One faction argued that investing in tobacco stocks is socially irresponsible, morally troubling and unneeded in a balanced investment portfolio. The other side maintained that eliminating one type of stock departs from the university's strategy of maximizing investment returns with minimal administrative costs.

"It's hypocritical for the University of California to take $22 million in Proposition 99 [tax dollars for tobacco-related health research] and then invest $55 million in tobacco funds," said Bustamante, who is a regent by virtue of his office. "We shouldn't do it."

As it stands now, the university has no tobacco stocks in its massive portfolio because UC's former treasurer, Patricia Small, made a practice of excluding them.

Small resigned under pressure last fall after outside consultants criticized her investment strategy as too heavily concentrated, in fewer than 100 major stocks.

To diversify UC investments, the Board of Regents this summer instructed staff members to buy into a Russell 3000 index fund, which covers 3,000 big stocks, and a Morgan Stanley index fund. Both of the funds include tobacco stocks, such as Philip Morris and R.J. Reynolds.

Although tobacco accounts for only 0.5% of the funds' holdings, it would work out to about $55 million of UC's endowment and pension funds.

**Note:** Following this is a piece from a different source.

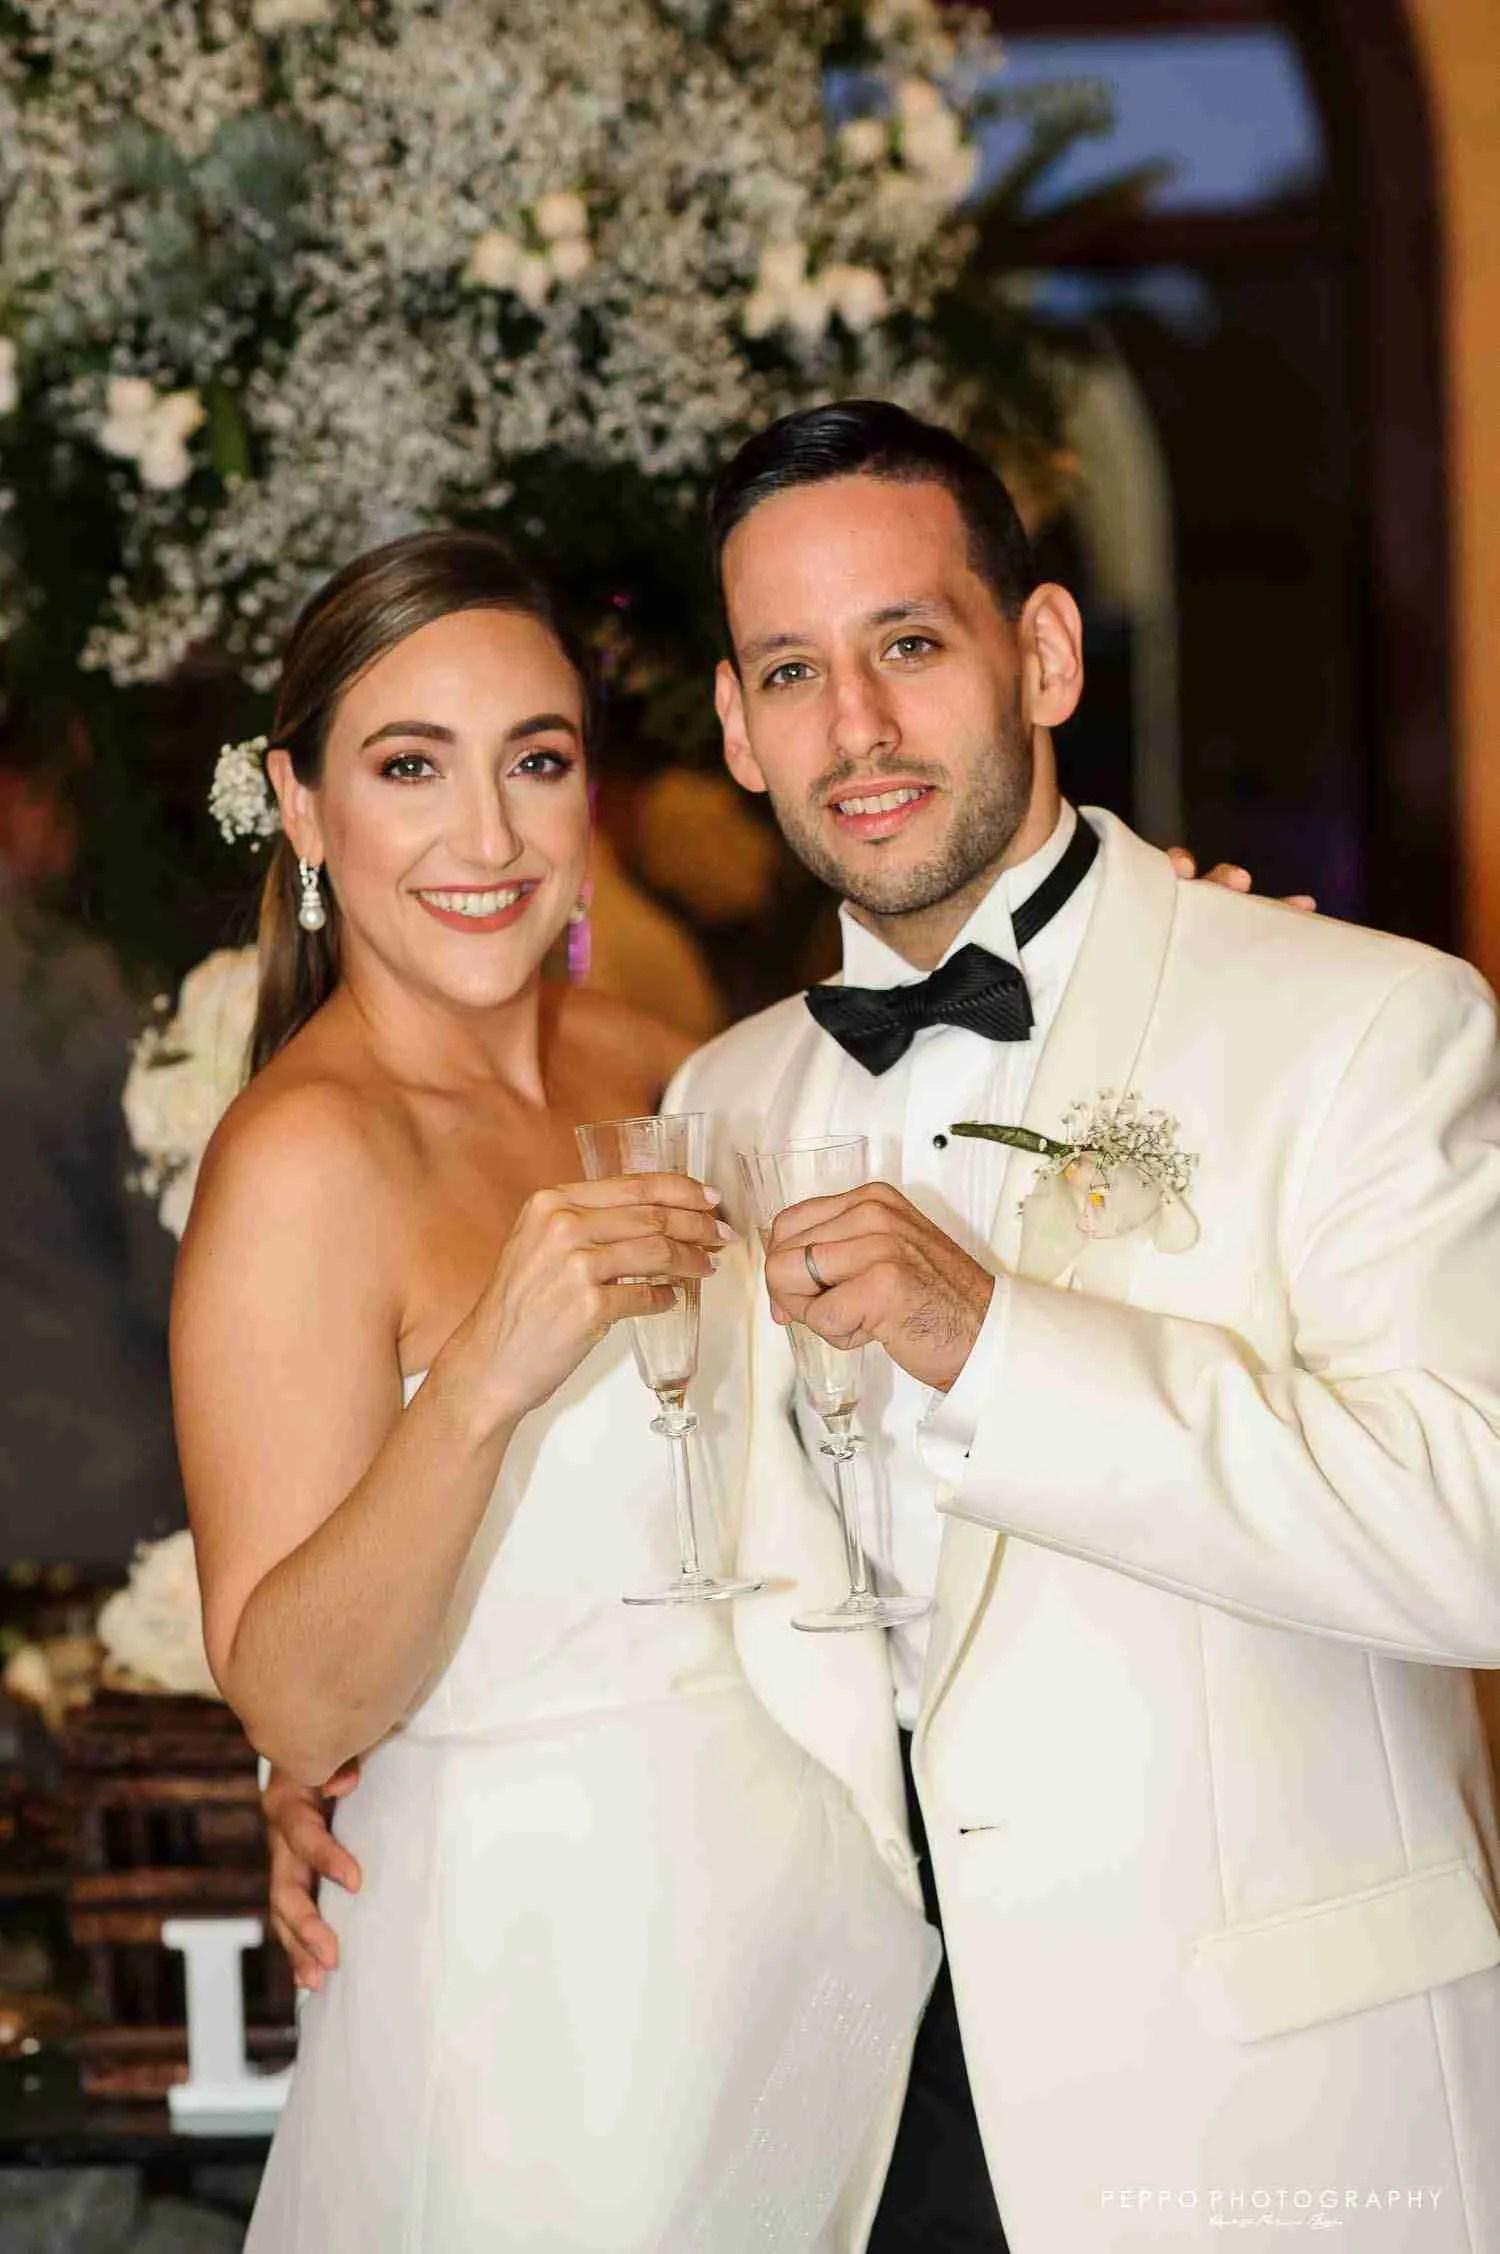 Cheers by Isabella & Felipe

That has rankled some of the 136,000 current and retired employees covered by UC's pension system. They cite the trend of other institutions that have decided against supporting tobacco interests with investments.

The California Public Employees' Retirement System last month, for instance, decided to divest itself of about $525 million in stock it holds in tobacco companies in similar passively managed portfolios. The pension for California State University employees is part of the CalPERS retirement system.

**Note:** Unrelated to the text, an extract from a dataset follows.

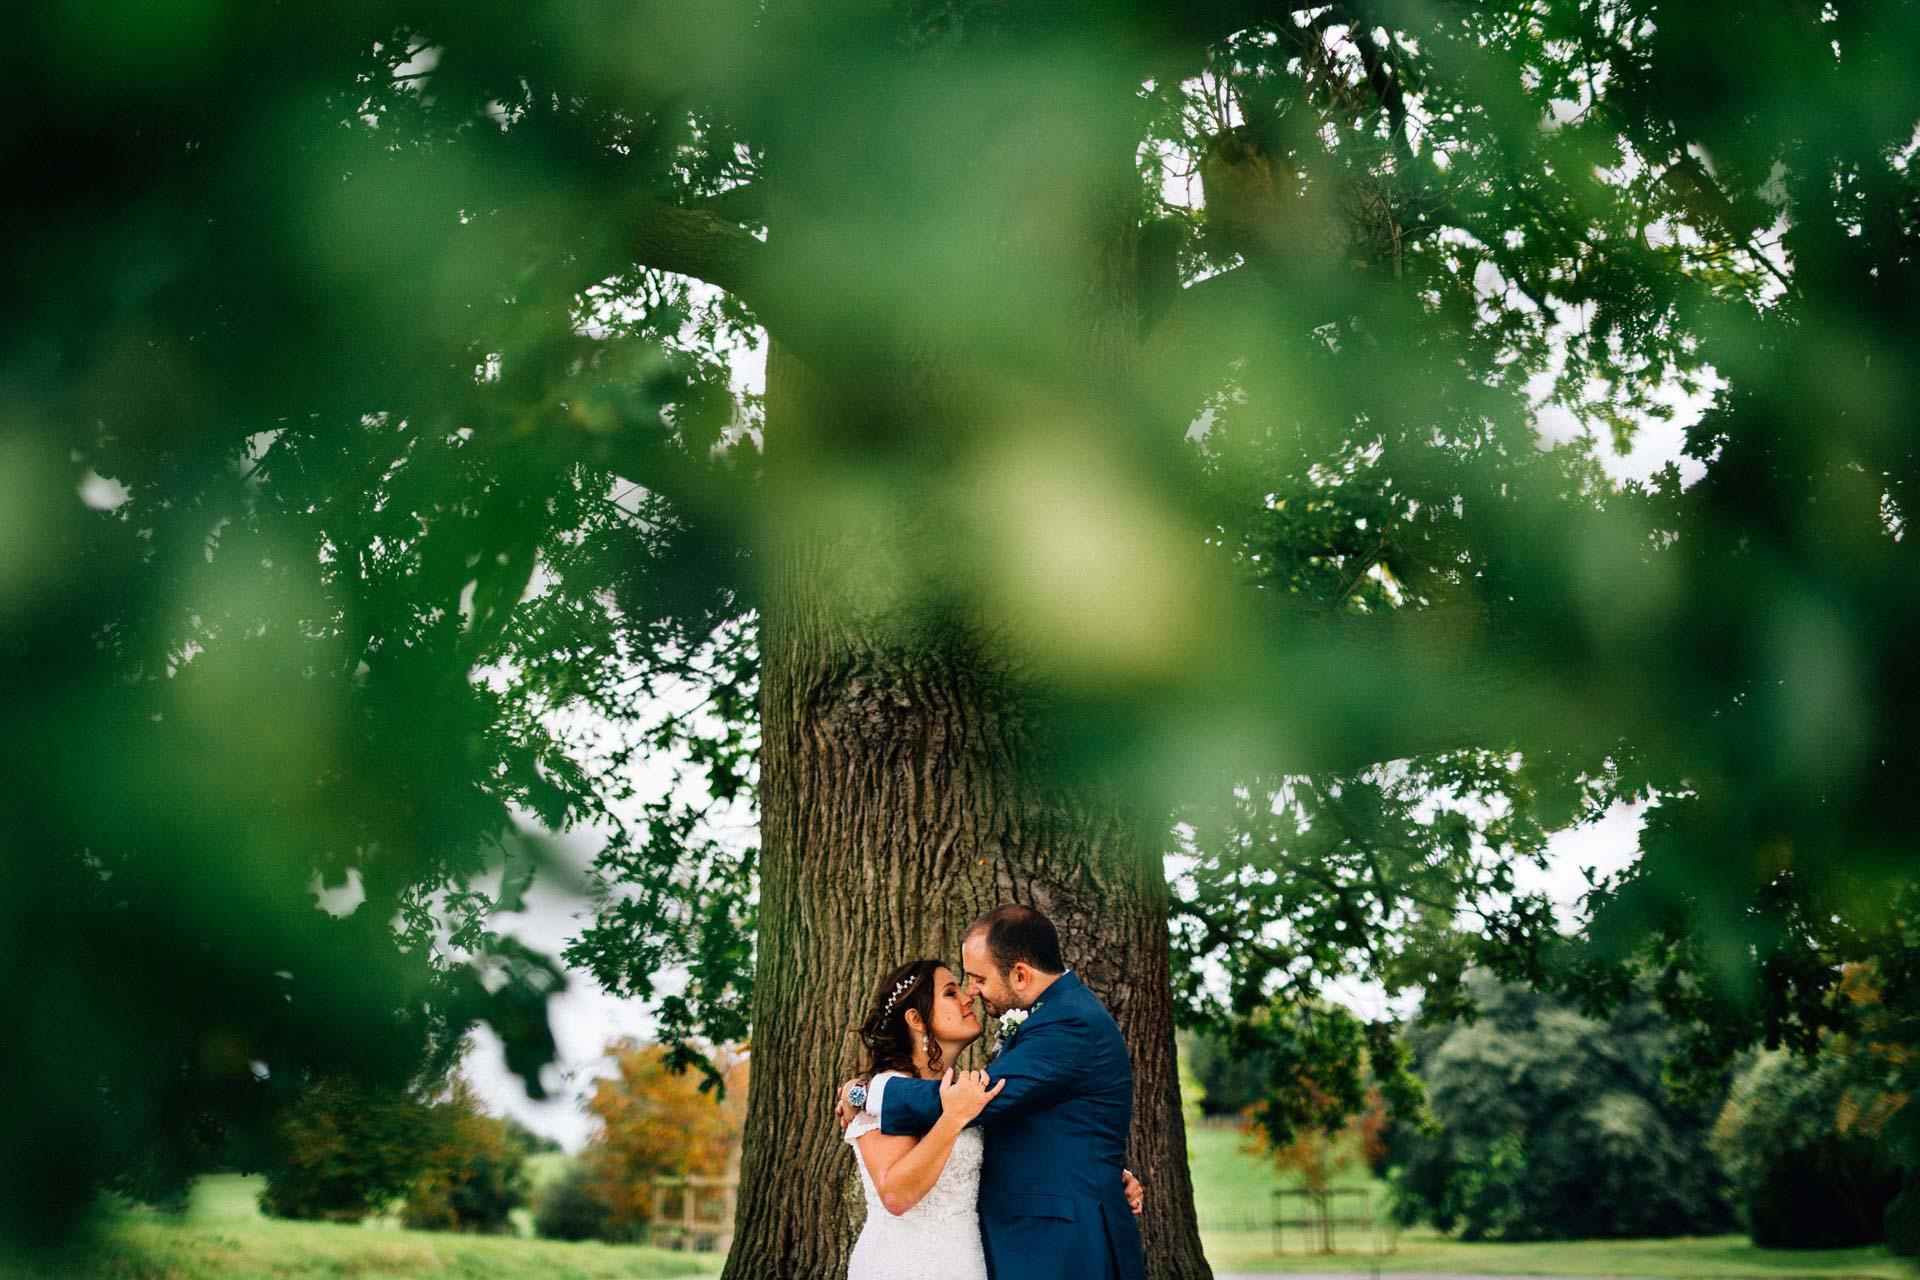 Best wedding photography equipment 5 fairclough photography for Wedding photography equipment

Other institutions, including Harvard, Stanford and the universities of Michigan, Washington and Wisconsin, have decided to shun tobacco stocks.

"We find it particularly ironic that the university would consider investing in tobacco, given that so many UC faculty have been in the vanguard of tobacco control research," wrote a dozen medical professors from UC San Francisco.

The professors noted that the university administers the state's Tobacco-Related Diseases Research Program and that the university has been sued twice by the tobacco industry in an effort to suppress academic investigation into industry practices.

"This is an industry that stands for deception and lies and kills a half-million people a year, so it's an embarrassment to have our pension funds investing in them," said Stanton A. Glantz, a UC San Francisco professor of medicine and author of "Tobacco War," about the politics of tobacco.